The Catalan simplicial set II

TL;DR

This paper extends the classification of skew-monoidal categories using the Catalan simplicial set to skew monoidales in monoidal bicategories and further characterizes monoidal bicategories via maps from the Catalan set.

Contribution

It generalizes the classification of skew-monoidal structures to higher categorical contexts using the Catalan simplicial set.

Findings

Skew-monoidales in monoidal bicategories are classified by maps from the Catalan set.

Monoidal bicategories are characterized by maps from the Catalan set to nerves of Bicat.
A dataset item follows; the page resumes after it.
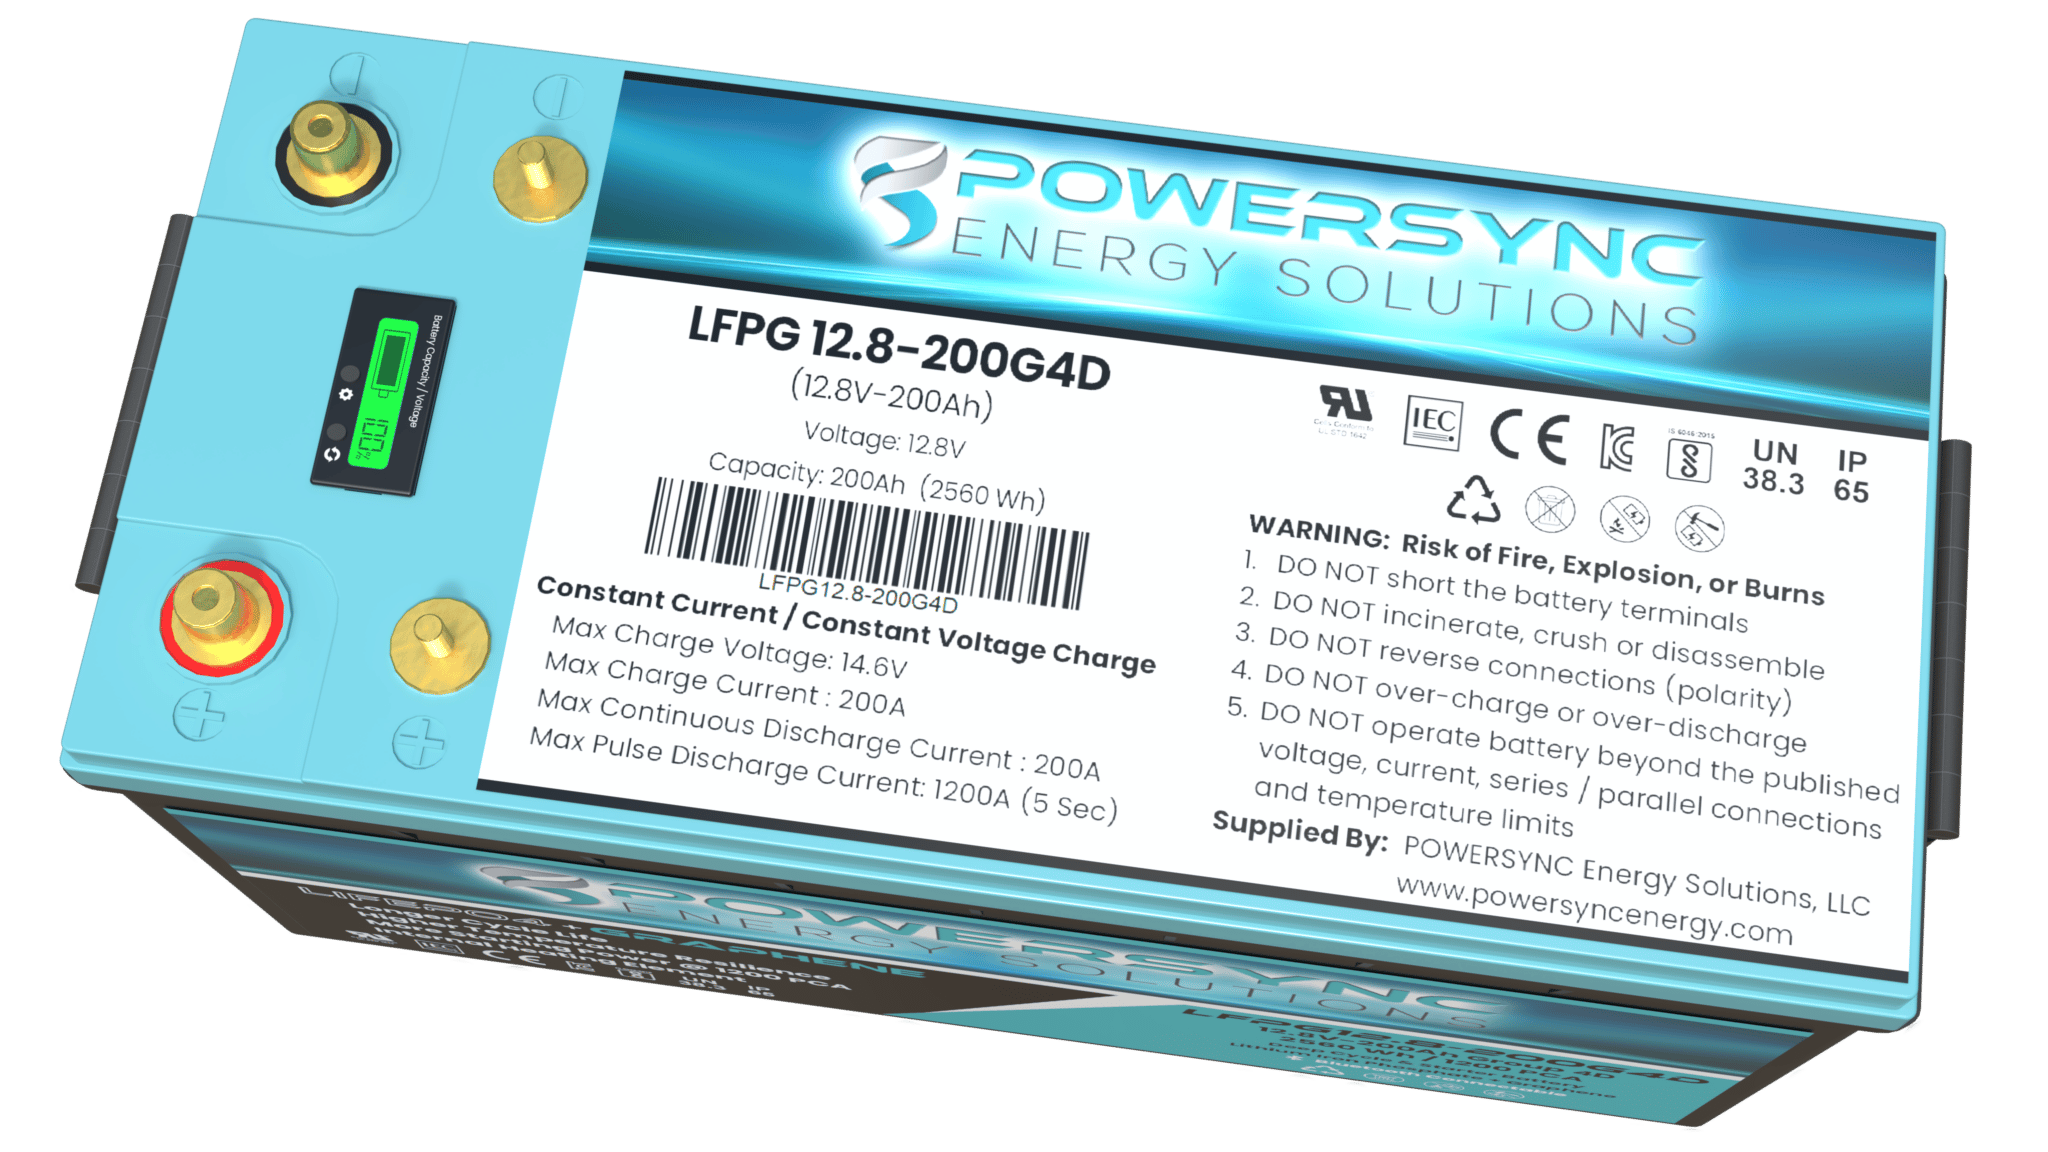 LFPG12.8-200G4D LiFePO4+Graphene Dual Purpose Lithium Battery - POWERSYNC  Energy Solutions

A new definition of skew-monoidal bicategory consistent with existing theory is provided.

Abstract

The Catalan simplicial set $\mathbb{C}$ is known to classify skew-monoidal categories in the sense that a map from $\mathbb{C}$ to a suitably defined nerve of $\mathrm{Cat}$ is precisely a skew-monoidal category \cite{Catalan1}. We extend this result to the case of skew monoidales internal to any monoidal bicategory $\mathcal{B}$. We then show that monoidal bicategories themselves are classified by maps from $\mathbb{C}$ to a suitably defined nerve of $\mathrm{Bicat}$ and extend this result to obtain a definition of skew-monoidal bicategory that aligns with existing theory.